TECHNICAL FIELD The present invention relates to a writable optical recording medium having at least a recording layer on a transparent substrate.

[0002]

2. Description of the Related Art In recent years, a method of recording information using a beam having a high energy density such as a laser beam has been developed and some have already been put into practical use. The information recording medium is basically composed of a substrate made of plastic, glass or the like and a recording layer provided thereon. Known recording materials used in the recording layer include metals or semimetals such as Bi, Sn, In, Te and Se, and dyes such as cyanine, phthalocyanine, quinone and metal complex dyes. Information is written by, for example, irradiating a laser beam, and as a result of locally increasing the temperature of the irradiated portion of the recording layer, information is recorded by changing its optical characteristics by causing physical or chemical changes. To be done. Known methods for changing the recording layer include bit formation, recess formation, bubble formation, a method utilizing phase change, and a method utilizing magnetization reversal.

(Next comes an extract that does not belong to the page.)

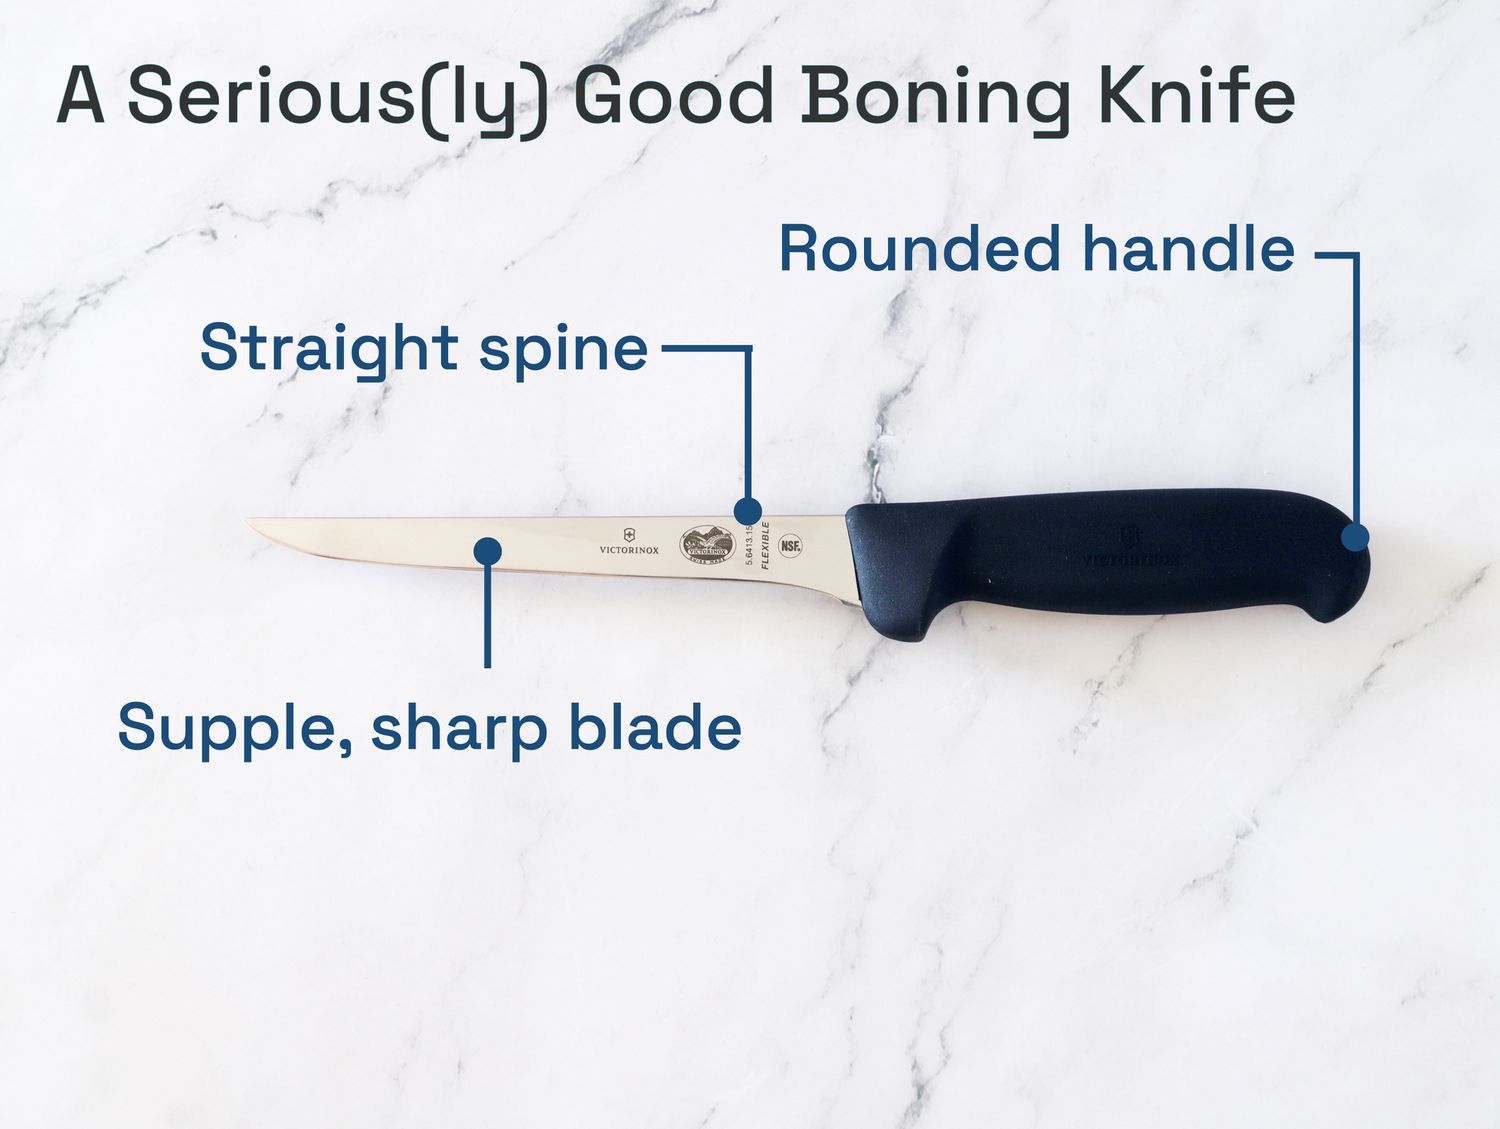 一把真正好的去骨刀应该是直脊、圆柄和柔软锋利的刀刃。

Particularly, a rewritable recording medium is typified by a method utilizing phase change and a method utilizing magnetization reversal. As a system for recording using phase change, As-T
An e-Ge-based amorphous recording material and a Tb-Fe-Co-based amorphous alloy are known as a recording system utilizing magnetization reversal. As described above, as recording materials, inorganic materials such as metals and metalloids or dyes have been used conventionally. Further, recently, various methods of using a polymer material, which is excellent in safety, manufacturability, and cost, as a recording material have been announced. For example, one utilizing the phase change of a polymer (Japanese Patent Laid-Open No. 63-27944).
0), utilizing the change between compatible and phase-separated states by polymer blend (Hyundai Kagaku Special Edition 8,134,1986)
Etc. However, these have the drawbacks that the temperature at which the phase change and the change between the compatible and phase separated states occur is high and the time required for the change is long. On the other hand, for a recording method in which a recording material is irradiated with a laser beam and thermally deformed by melting, evaporation, aggregation, expansion, etc., it has been proposed to use a polymer material for the recording layer (Japanese Patent Laid-Open No. 60-69846). .. However, the polymer material itself, which is deformed by heat, has high transparency and has a low ability to absorb light such as laser light, which is problematic in practical use. Therefore, at present, a satisfactory recording method and recording element have not been developed.

[0003]

An object of the present invention is to provide an optical recording medium which is excellent in manufacturability and stability, has a high recording speed, and has a high photothermal conversion efficiency (high sensitivity).

[0004]

An optical recording medium according to the present invention comprises a substrate having a light-transmitting property, in which a substance that is thermally expanded and deformed by heating and the deformed state can be maintained by subsequent cooling is dispersed in a rubber-like elastic body. In an optical recording medium having a recording layer of, a light absorbing substance is contained in the recording layer or a layer in contact with the recording layer. Examples of the light absorbing substance used in the present invention include imidazoxoxaline dyes represented by the following general formula (I).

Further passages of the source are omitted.